Hypothesis testing results
Social group differences.
One-way analysis of variance (ANOVA) was conducted to examine group differences in observed behaviors. Levene’s test of homogeneity of variance revealed only the number of grooming partners, time receiving grooming, and time in direct contact met this assumption (Table 3). However, because ANOVA is robust with respect to violations of homogeneity of variance analyses could still be performed. There were statistically significant differences among groups for: total seconds observed (F(2, 52) = 22.79, p < 0.001); number of grooming partners (F(2, 52) = 15.70, p < 0.001); number of grooming partners giving (F(2, 52) = 8.11, p = 0.001); number of total partners (F(2, 52) = 19.08, p < 0.001); time self-grooming (F(2, 52) = 3.54, p = 0.036) (Table 4).
Planned contrasts revealed specific differences among social groups and combinations of groups (Tables 5 and 6). There were statistically significant differences for all combinations of social groups with respect to total seconds observed. There were statistically significant differences for all combination of social groups with respect to the number of grooming partners except between the combination of the Bay and Blesbok groups compared to the Donga group, (t(22.12) = 0.86, p = 0.398). There were statistically significant differences for all combination of social groups with respect to the number of grooming partners giving grooming except between the combination of the Bay and Blesbok groups compared to the Donga group, (t(36.79) = 0.63, p = 0.543). There were statistically significant differences for all combination of social groups with respect to the number of grooming partners receiving grooming except between the combination of the Bay and Blesbok groups compared to the Donga group, (t(52) = 0.1.03, p = 0.310). There were statistically significant differences for all combination of social groups with respect to the number of total partners except between the combination of the Bay and Blesbok groups compared to the Donga group, (t(34.10) = 1.21, p = 0.236). There were no statistically significant differences for any combination of social groups with respect to time giving grooming. There were no statistically significant differences for any combination of social groups with respect to time receiving grooming. There were statistically significant differences for all combinations of social groups with respect to time spent self-grooming except for: the Bay group compared to the Donga group, (t(32.88) = 0.54, p = 0.59); the combination of the Bay and Blesbok groups compared to the Donga group, (t(32.62) = -0.79, p = 0.435); the Bay group compared to the combination of the Blesbok and Donga groups, (t(23.03) = -1.60, p = 0.123). There were no statistically significant differences for any combination of social groups with respect to the time spent playing except between the combination of the Bay and Blesbok groups compared to the Donga group, (t(28.23) = 2.07, p = 0.048).
Generalized linear model.
All behavioral variables from all observed individuals were converted to z-scores for inclusion in the generation of a multivariate logistic regression equation, with the dependent variable modeled as the presence or absence of Trichuris sp. The only individual statistically significant effect was time in direct contact (β = -4.63, p = 0.02; Table 7). The model shows excellent fit based on the -2 Log likelihood (24.22) and Nagelkerke pseudo-R2 (0.73) (Table 8). This equation was able to correctly predict 100% of observed absence of Trichuris sp. and 94.44% of observed presence of Trichuris sp., for a total of 95.17% of cases correctly predicted (Table 9).

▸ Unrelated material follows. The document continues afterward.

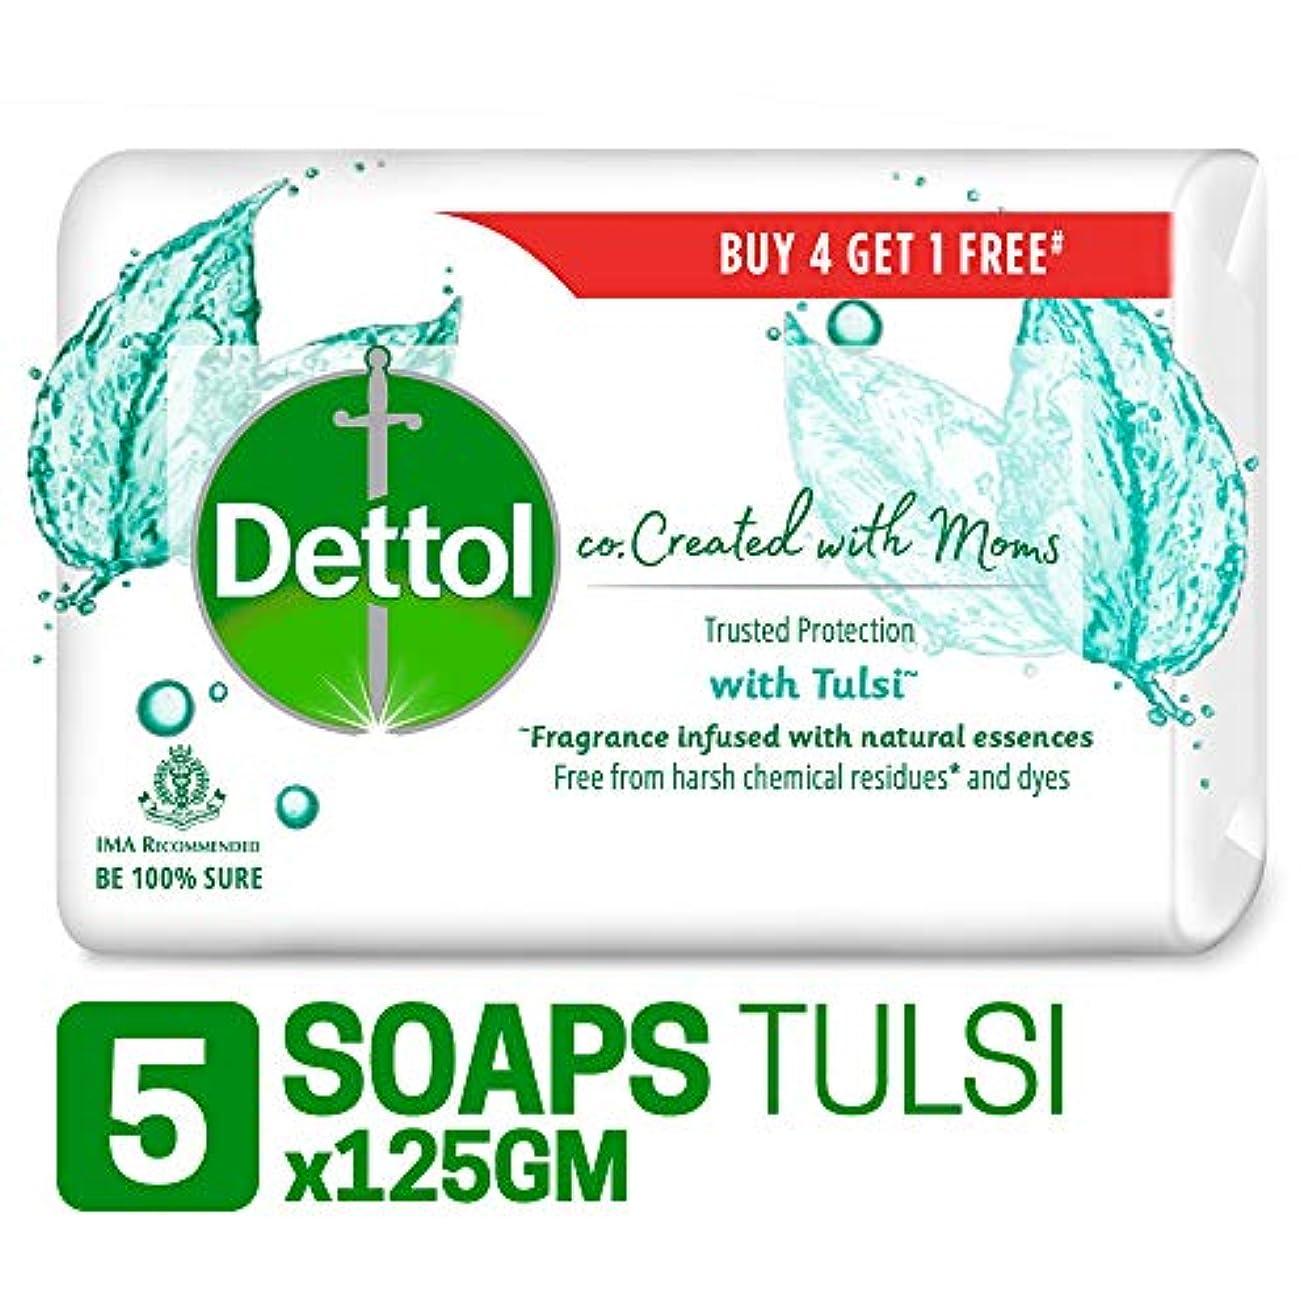 秀でる処理変なDettol Co-created with moms Tulsi Bathing Soap, 125gm (Buy 4 Get 1 Free)

A bivariate logistic regression was conducted using only the z-score of time in direct contact and the total number of grooming partners to predict the presence of Trichuris sp. This regression indicated that time in direct contact with others had a statistically significant negative effect on infection status (β = -2.76, p = 0.001). Total number of grooming partners had a non-statistically significant positive effect on infection status (β = 0.79, p = 0.084). The model fit for this equation is worse than for the multivariate equation, based on a higher -2 Log likelihood (34.11) and lower Nagelkerke pseudo-R2 (0.73) (Table 8). This equation was able to correctly predict 60% of observed absence of Trichuris sp. and 94.44% of observed presence of Trichuris sp., for a total of 90.24% of cases correctly predicted (Table 9).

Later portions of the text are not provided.